Software Engineering Institute

A flaw in handling HTTP requests that contain the "HTTP Request Smuggling" class of attacksHTTP Request Smuggling attacks involve injecting HTTP request(s) within other HTTP requests. Devices that handle HTTP data, such as web caches and proxy servers, may contribute to a class of attacks known as "HTTP Request Smuggling" attacks. HTTP Request Smuggling attacks occur when specially-crafted HTTP requests are inconsistently processed by multiple interconnected devices. In this manner the secondary request(s) may be "smuggled" through other devices without detection.

As a simple example, including multiple Content-Length headers into a single request may result in interconnected devices handling the request in a different manner. Given two Content-Length headers, partial request data may be processed on one device where another subsequent device (using the longer Content-Length header) may read more request data. This in turn changes the nature of the request and may result in cache poisoning or request hijacking.

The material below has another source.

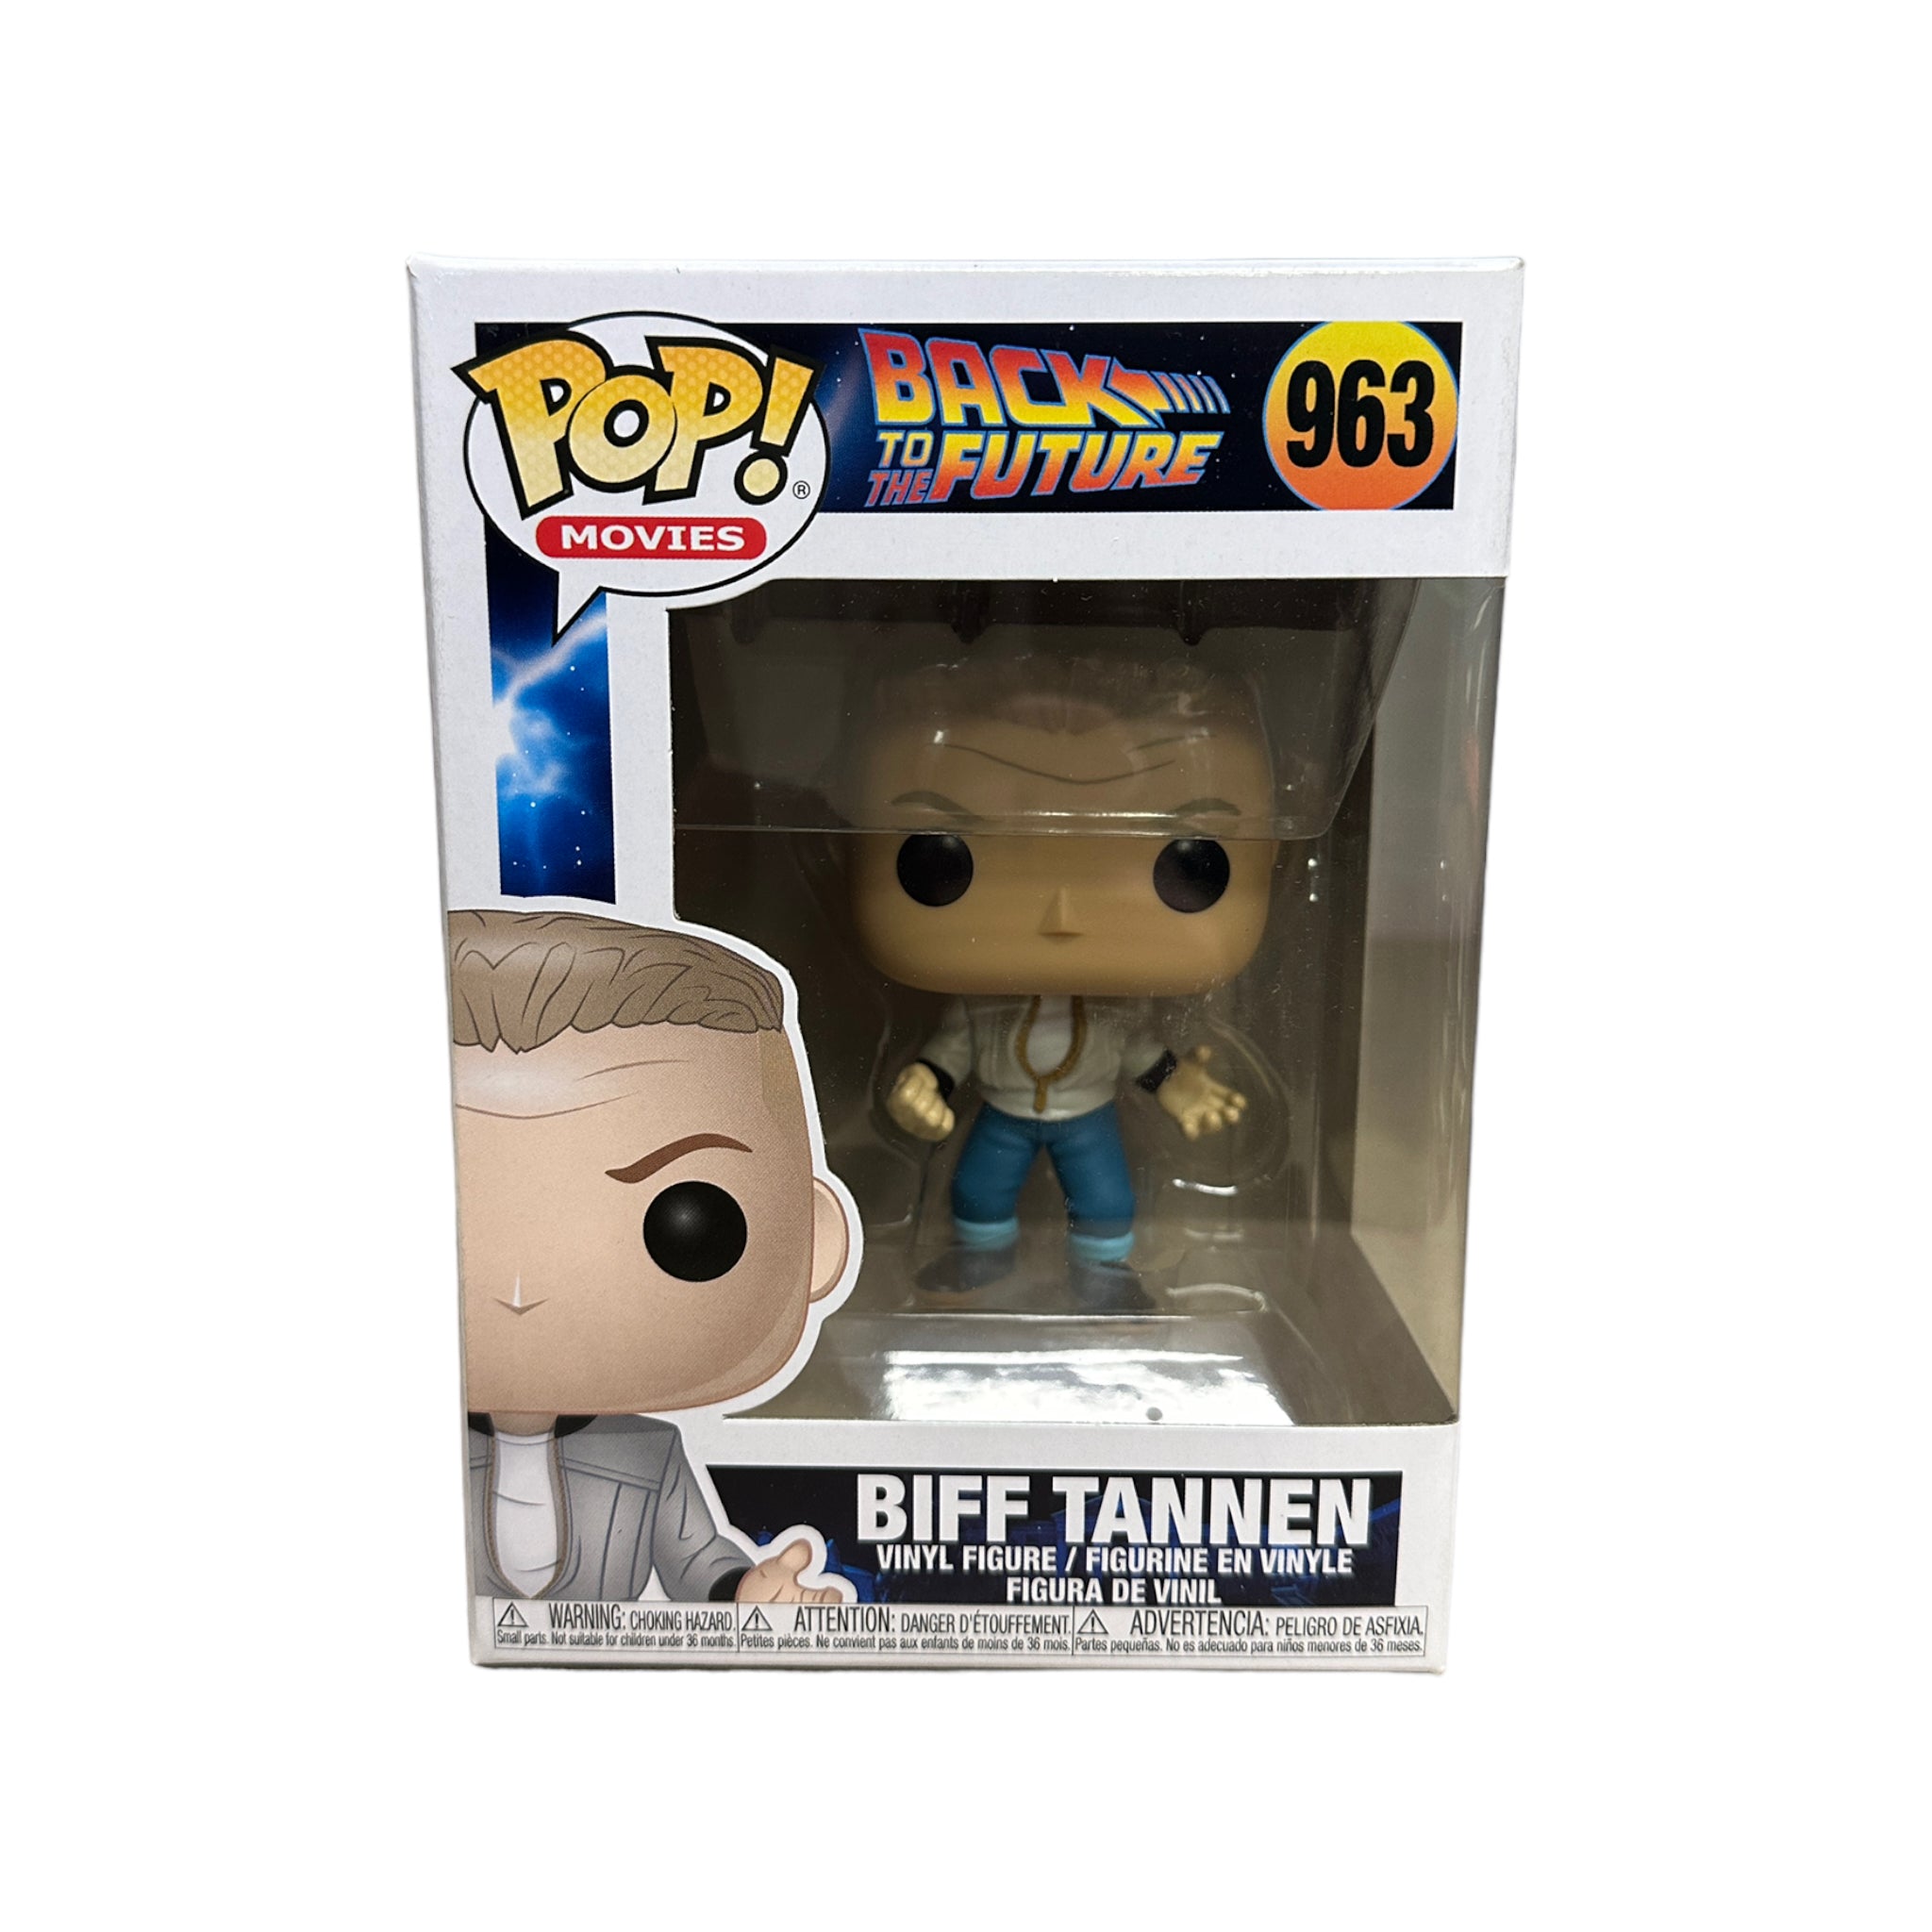 Biff Tannen #963 Funko Pop! - Back to The Future - 2020 Pop! - Condition 8.5/10
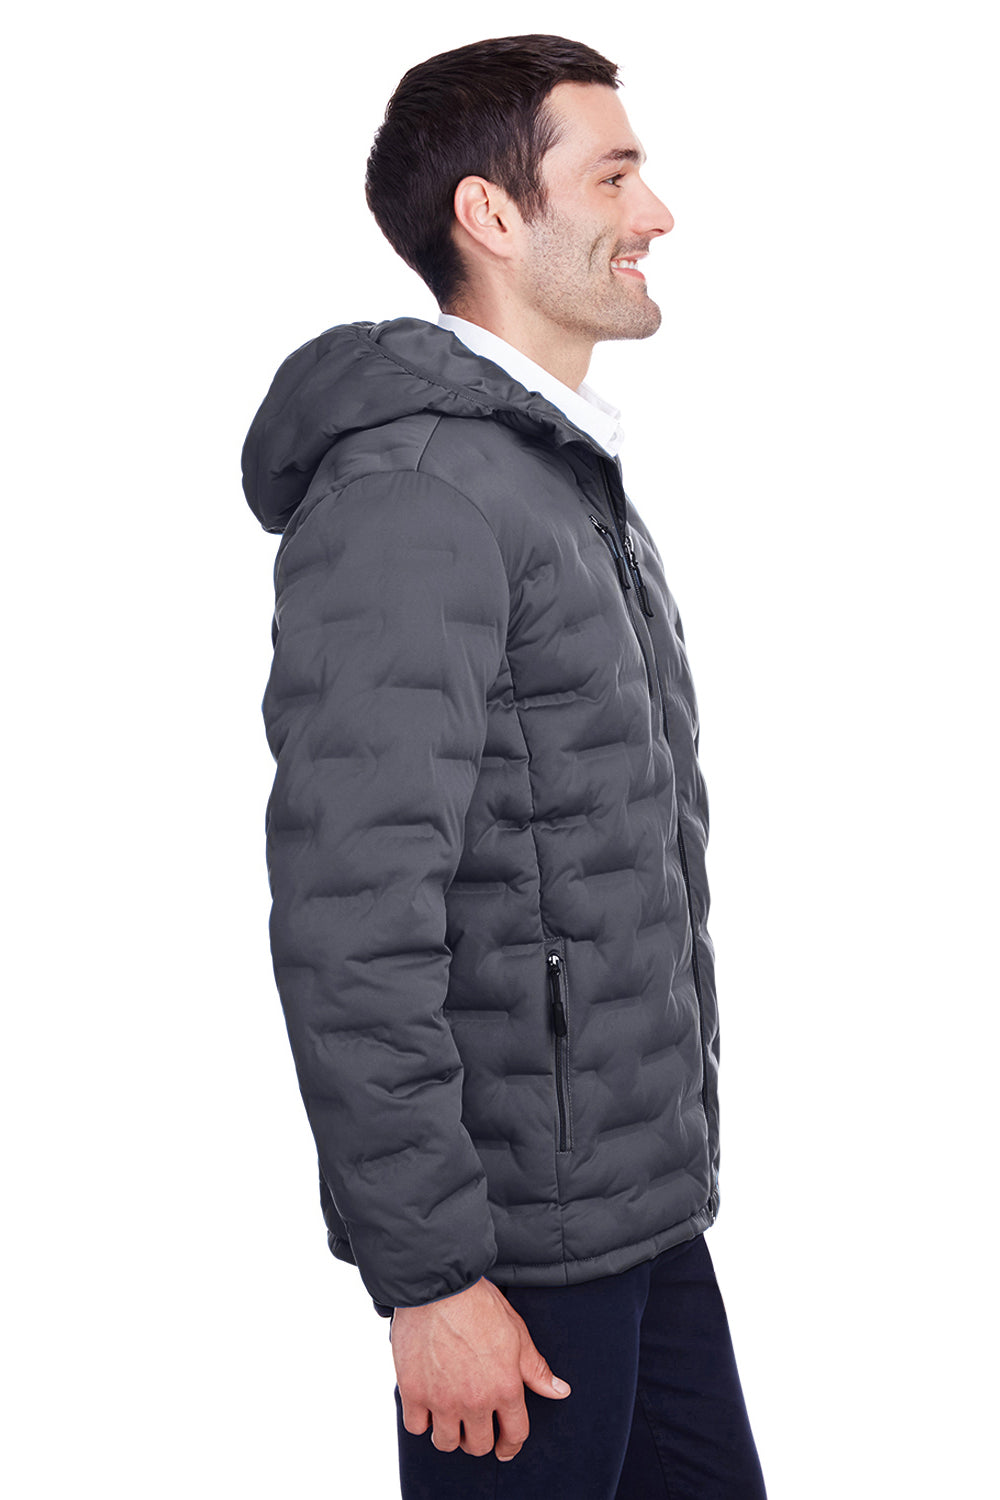 North End NE708 Mens Loft Waterproof Full Zip Hooded Puffer Jacket Carbon Grey/Black Side

HTTP Request Smuggling is outlined in depth in the Watchfire "HTTP Request Smuggling" whitepaper.

Multiple scenarios are possible depending on the devices in use and the strategies that are utilized by the attacker. These attacks may involve cache poisoning, request hijacking, protection bypass, and cross-site scripting.

Apply an update

Contact your vendor for information on updates, patches, and workarounds.